Histopathology may be nondiagnostic in half of cases with interpretations of esophagitis or chronic inflammation. Findings that help support a diagnosis of ELP include a band-like lymphocytic infiltrate involving the superficial lamina propria and basal epithelium along with the presence of Civatte bodies [7, 8]. Despite multiple biopsies in this case, a diagnosis of ELP was not suggested on histopathology until deep biopsies were performed.

As in our case, reflux esophagitis is often initially suspected with initiation of PPI therapy leading to no improvement in strictures [4]. ELP is often a diagnostic challenge with a large series [3] showing a mean of nearly five years until diagnosis. As a result, multiple endoscopies and dilations are often performed before reaching a diagnosis [3, 4].

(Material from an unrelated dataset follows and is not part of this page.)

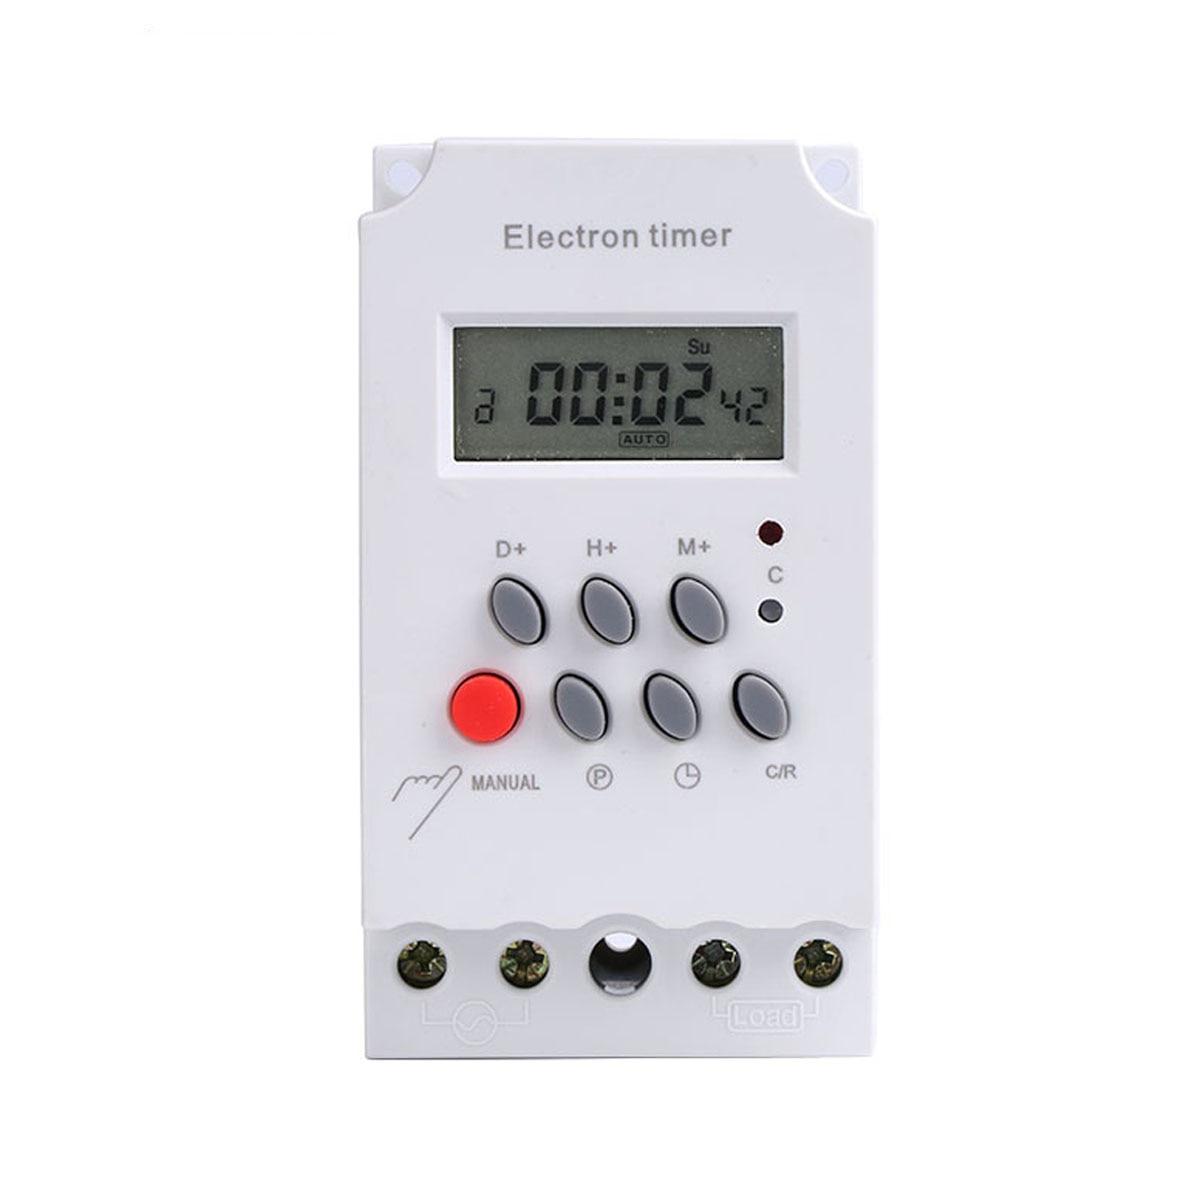 Timer Unparteiisch 1 Pcs Digitale Zeit Schalter Elektron Timer Mit Zyklus Timing Funktion Mikrocomputer Zeit Steuerung Schalter Kg316t-ii

Treatment generally starts with oral glucocorticoid therapy. The suggested approach has been doses in the range of 40–60 mg for several weeks (patients usually show response within first couple weeks) with a tapered course [2, 8]. Though the majority of patients often respond to this approach, some may develop symptomatic recurrence during tapering and require longer therapy. In addition, those who had complete response often have recurrence of disease later on highlighting the potential chronic and recurring nature of ELP [4, 5]. Failure to respond is likely to occur for those with strictures at diagnosis as in our case [2]. Fluticasone propionate and intralesional triamcinolone acetate have also been utilized for improving symptoms [9, 10]. Aside from glucocorticoids, limited reports have utilized tacrolimus (including aqueous preparations) and cyclosporine with reported good response [10, 11]. Another aspect of treatment has been dilations for strictures in order to achieve immediate improvement in symptoms [5, 12]. Some cases have demonstrated concern for inducing the Koebner phenomenon at sites of trauma with dilatation [4]. However, dilatations are often necessary in patients and are performed with concurrent therapy aimed at controlling the disease [3]. Moreover, some patients even with prolonged and multiple treatment strategies may not respond sufficiently resulting in frequent dilatation procedures [8]. Our patient had developed poor responses despite aggressive steroid therapies and dilations, ultimately leading to definitive surgical management.

Although it is not certain if LP itself is an independent risk for malignant conversions, there are cases of esophageal squamous cell cancer in those with ELP [3, 5, 13, 14]. Therefore surveillance should be considered. Given the rarity of reported ELP, variable responses to treatment, and reports of malignancy, management may be better served utilizing a multidisciplinary approach. In summary, clinicians should consider ELP in the differential for dysphagia, especially for middle- to elderly-aged females, with refractory stricturing disease and without typical GERD symptoms or failure to respond to antireflux management. Awareness of the clinical history along with improved recognition and reporting of characteristic histopathology of ELP may lead to an earlier diagnosis and optimize outcomes.